It was a long week. Middle of Summer. And it wasn’t like every other week in the middle of summer. It was that week. I had just been recruited to attend Leadership Academy as a Rising Senior. I was tasked with facing a hell week full of drill instructors, waking up at o’dark thirty, being yelled at, wearing uniforms and every other horrible thing you could think of.
I first got to Leadership Academy. I had my bags, my rifle and my sword. Everyone was yelling and my instructor just said “Good luck” and then left. I stood in line, waiting for my question of the day. This question got you into the building. If you got the question wrong, you had to go to the back of the line. The student in front of me was in the female line although it wasn’t stated the lines were sex based. He was immediately reprimanded and forced to do push ups. Then my question came up: “What is the sixth order to the sentry?” and I responded back with “Sir, the Sixth order to the sentry is to receive, obey and pass on to the sentry who relieves me, all orders from the Commanding Officer, Command Duty Officer, Officer of the Deck, and Officers and Petty Officers of the Watch only sir.” And then I was allowed access into the building. One down, a million more to go. The rest of the day ended up as a blur. I was the first one in my room. We had to measure our folded clothes and place them in the measured spots in our drawers. Everything needed to be measured exactly; even the creases in our sheets. The whole week, each cadet spent time sleeping on the floor because we didn’t want to risk messing up our perfect beds. Each cadet slept in our PT Clothes as to not risk being late to PT at 4:30 in the morning.
Through each transition of the day, we had less than 3 minutes to get things ready for the next event. We had 3 minutes to change or use the bathroom. We were forced to drink liters upon liters of water a day. They said “if your pee isn’t clear, then you aren’t drinking enough water.” We would wake up early and go to bed late. We had fire watch in the hall where we would walk back and forth in a monotone behavior for hours throughout the night. Everywhere we went, we had to cut our corners. There was no walking in curves or straight to your area.
In the classroom, they would throw tennis balls that acted like grenades. If you weren’t paying attention and didn’t catch the ball, you and your surrounding “soldiers” had to lay on the ground and wait until the instructor told you to get up. There was no sleeping in class. Sword team was different. We were in the shade but drill was insane. We were the only group who had to compete in the rain and lightning. Uniform inspection was intense. No absent threads. Perfect Hair. During the day, our water bottle had to be in our right back pocket and our books had to be tucked into the back of our pants. Wearing khaki pants and yellow shirts. We wore blue hats and we were at the bottom of the food chain.

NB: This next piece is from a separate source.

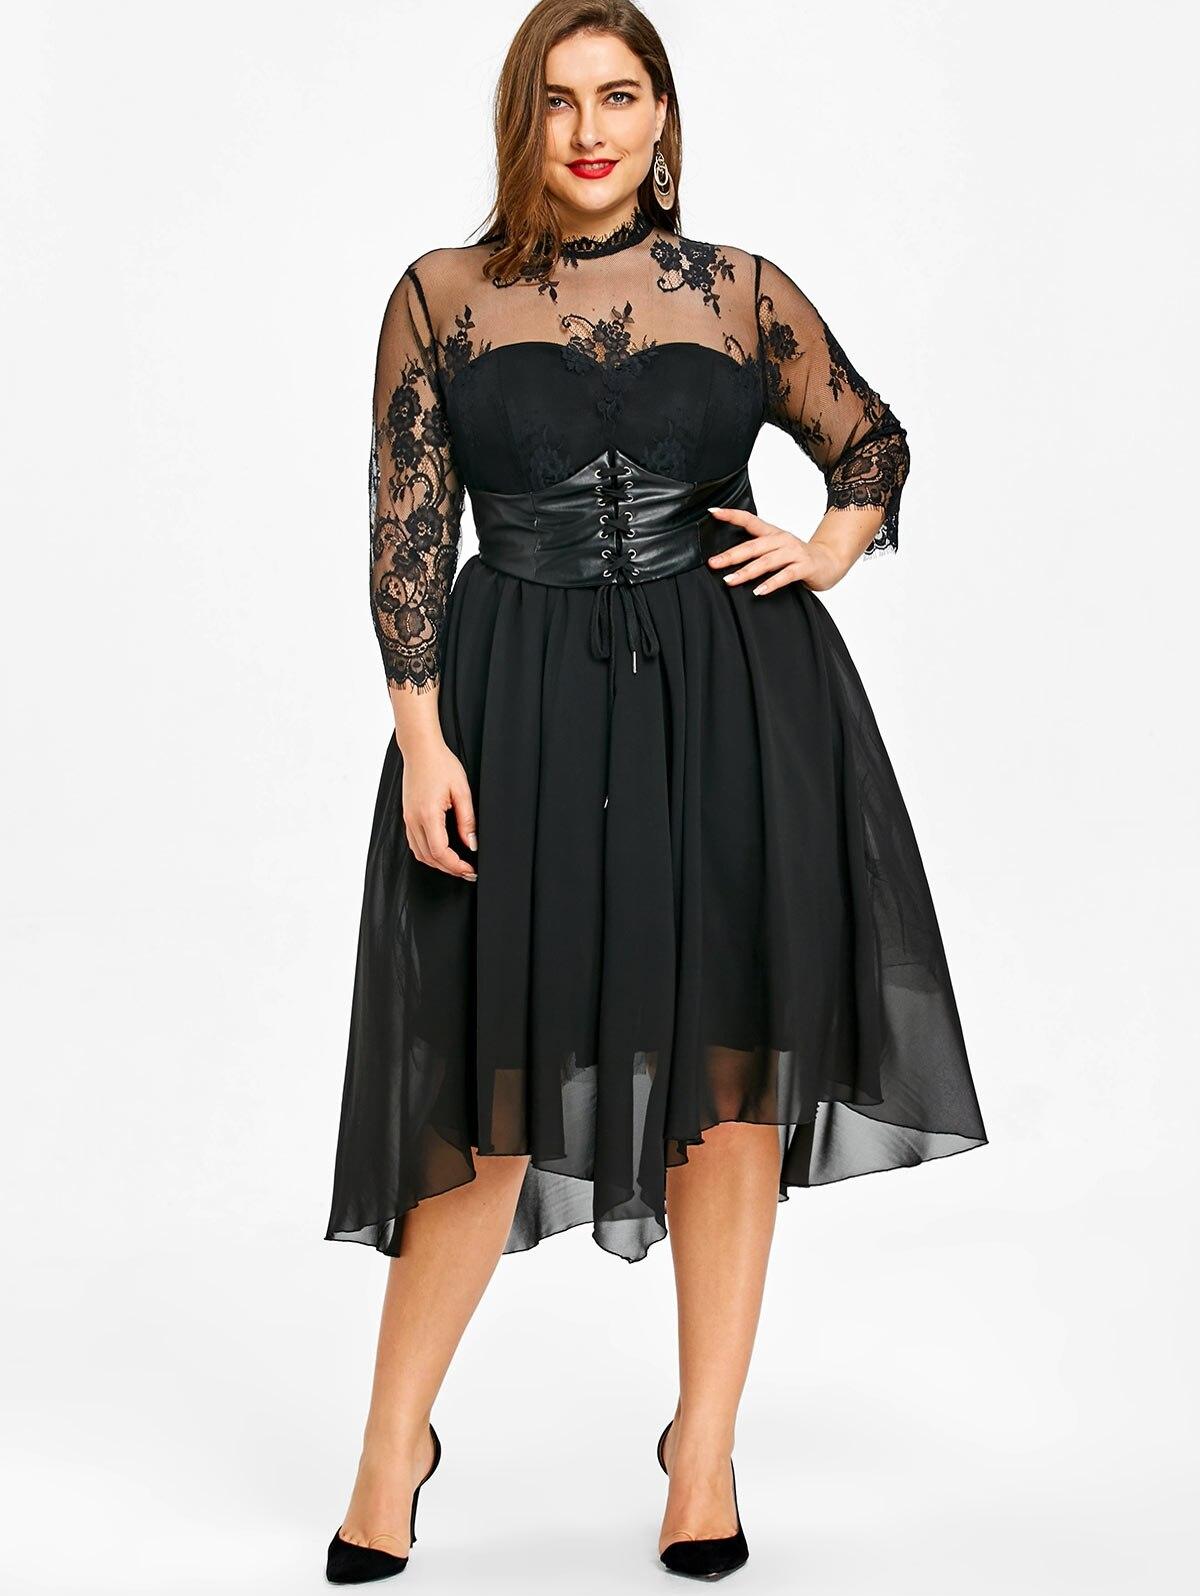 Gothic Criss Cross Panel Lace Plus Size Dress Women Empire Waist Sexy Party Dress Big Size 3XL 4XL 5XL robe femme empire waist criss cross front casual dress

Eating was different as well. Although our group didn’t have to stare straight ahead, we were forced to eat things that were “okay” while they tempted us with ice cream and brownies and pizza. No soda, only water. The last day was heaven and we enjoyed every slice of pizza and every bowl of ice cream. PT was throughout the day. First at 4:30 in the morning. Laying in the dewy grass. We did so many sit ups and push ups, I had shoulder blade and spine stains in the back of my pristine white tee shirt. The PFT was also something to remember. We were required to run 1.5 miles in a certain time. My roommate or bed mate or whatever you call them, had asthma and she fell behind immediately. But they told us to move on. Every step I ran, I wanted to carry her on my back to ensure she got across the finish line…..but she never did. If I had stopped, I would have failed Leadership Academy. If I had stopped, I would have failed. Our instructor, failing to recall his name, was amazing. He made us sing everywhere we went. Thats when I got into “Journey” because our theme song was “Don’t Stop Believing” and we were the singing platoon. We were first platoon. He was my favorite.
On graduation day, the sun was shining and our summer blues (which are white shirts with black pants) were pressed and cleaned. They resembled something more than just the maggots we were called. Walking across that stage was the best part of it all. Shaking my instructors hand and giving him a hug (probably wasn’t allowed) and receiving my silver chord was the highlight of my summer. My mom and uncle were there and life was pretty much amazing.
That was leadership academy. People wonder why I sing everywhere. People wonder why I look so serious in the hall. People wonder why sleeping isn’t at the top of my list. People wonder why I hate water so much. This is why. Leadership Academy shaped who I was. Shaped my cores and values. Shaped who I am today.